The last essay, "Inconvertible Capital," was originally Mises' contribution to a festschrift for the Dutch economist C.M. Verrijn Stuart.

There, in dealing with "the influence of the past on production" and "the malinvestment of capital," Mises indicated some problems to which Austrian capital theory later devoted attention. His argument has important implications.

The capital stock at any point of time never is what it would be had the present been correctly foreseen at those moments in the past when the relevant investment decisions were made, when the present was still the future. Hence, the capital stock never has its "equilibrium composition," and the general equilibrium model cannot be applied to problems concerning capital.

In the essay, Mises does not actually point out this implication, though Professor Hayek in chapter II of his Pure Theory of Capital (1941) did. As often happens to pioneers of thought, Mises did not at once grasp all the implications of the facts the general importance of which he had discovered.

For most of his life Mises, as we saw, had to swim against the tide. Undaunted, he may well have derived some satisfaction from his lonely struggle. With the rather grotesque exception of the market socialists, who on occasion did pay him their regards, the academic world ignored him. His few friends admired his courage and tenacity, even though in their hearts they may often have wished there were fewer occasions to display these qualities.

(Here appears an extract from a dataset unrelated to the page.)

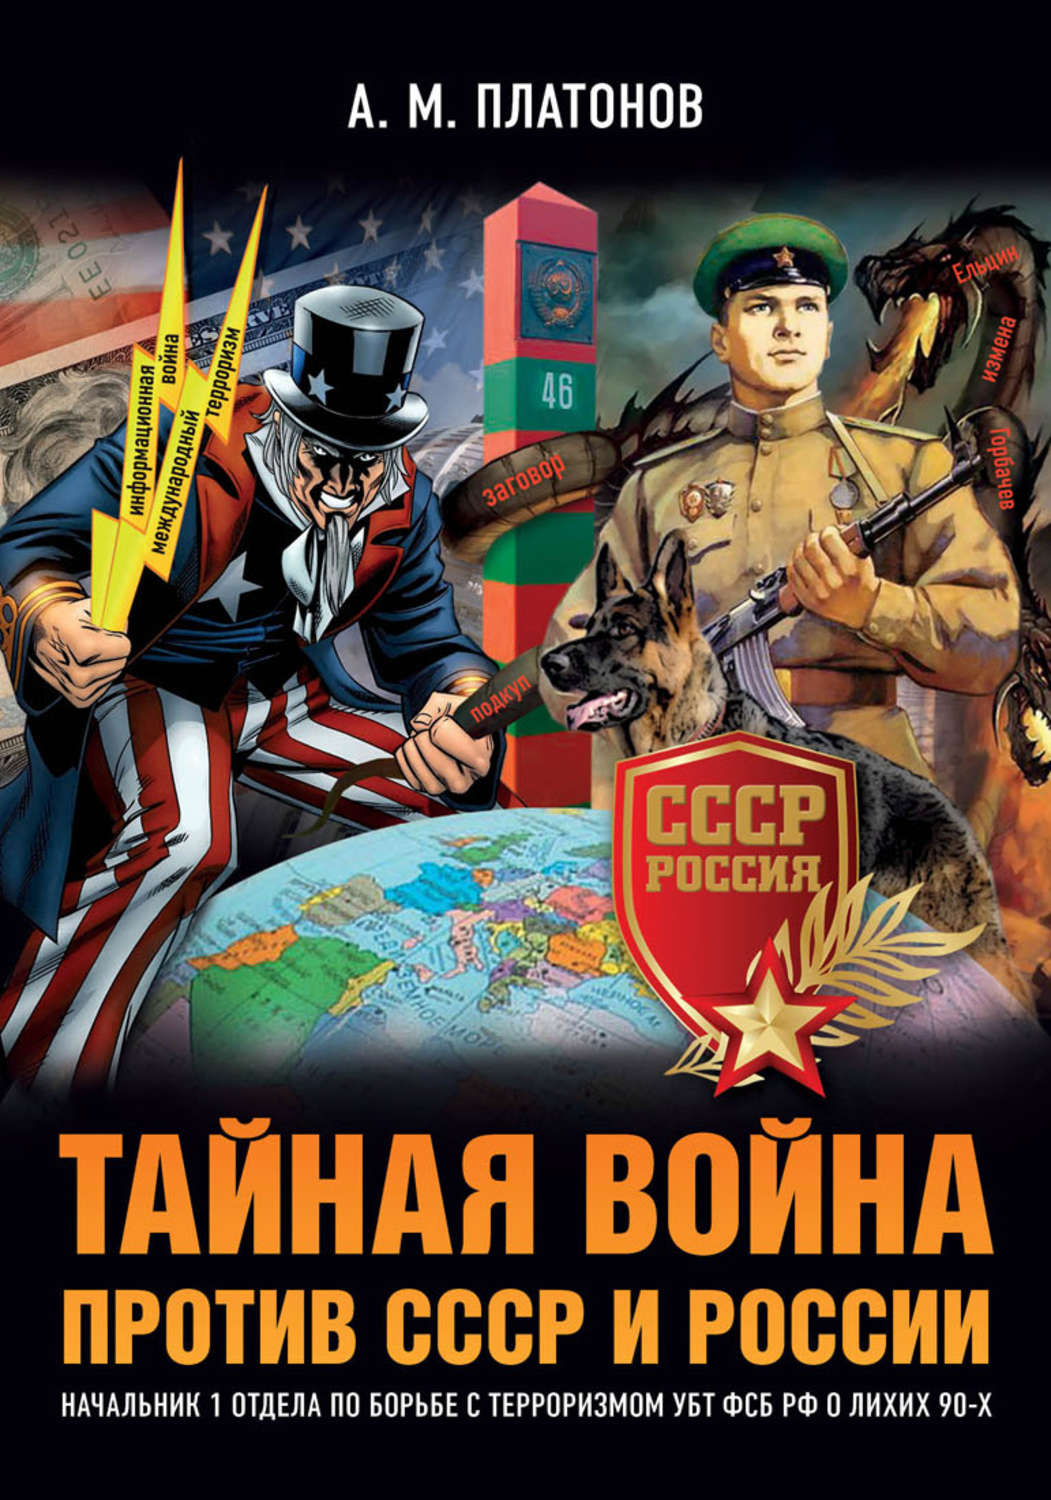 Тайны войны том 1. СССР против России.

Of late, however, the high tide of logical positivism appears to be receding, even in the Anglo-Saxon world. In certain circles, we notice, it has even become fashionable to say that different disciplines may have to use different languages. Perhaps it is not too much to hope that in the climate of opinion now taking shape various nuances of enlightened discourse, hitherto neglected, will find a readier understanding and that the "language" of means and ends will come to be recognized as a legitimate medium in which to express human thought about action.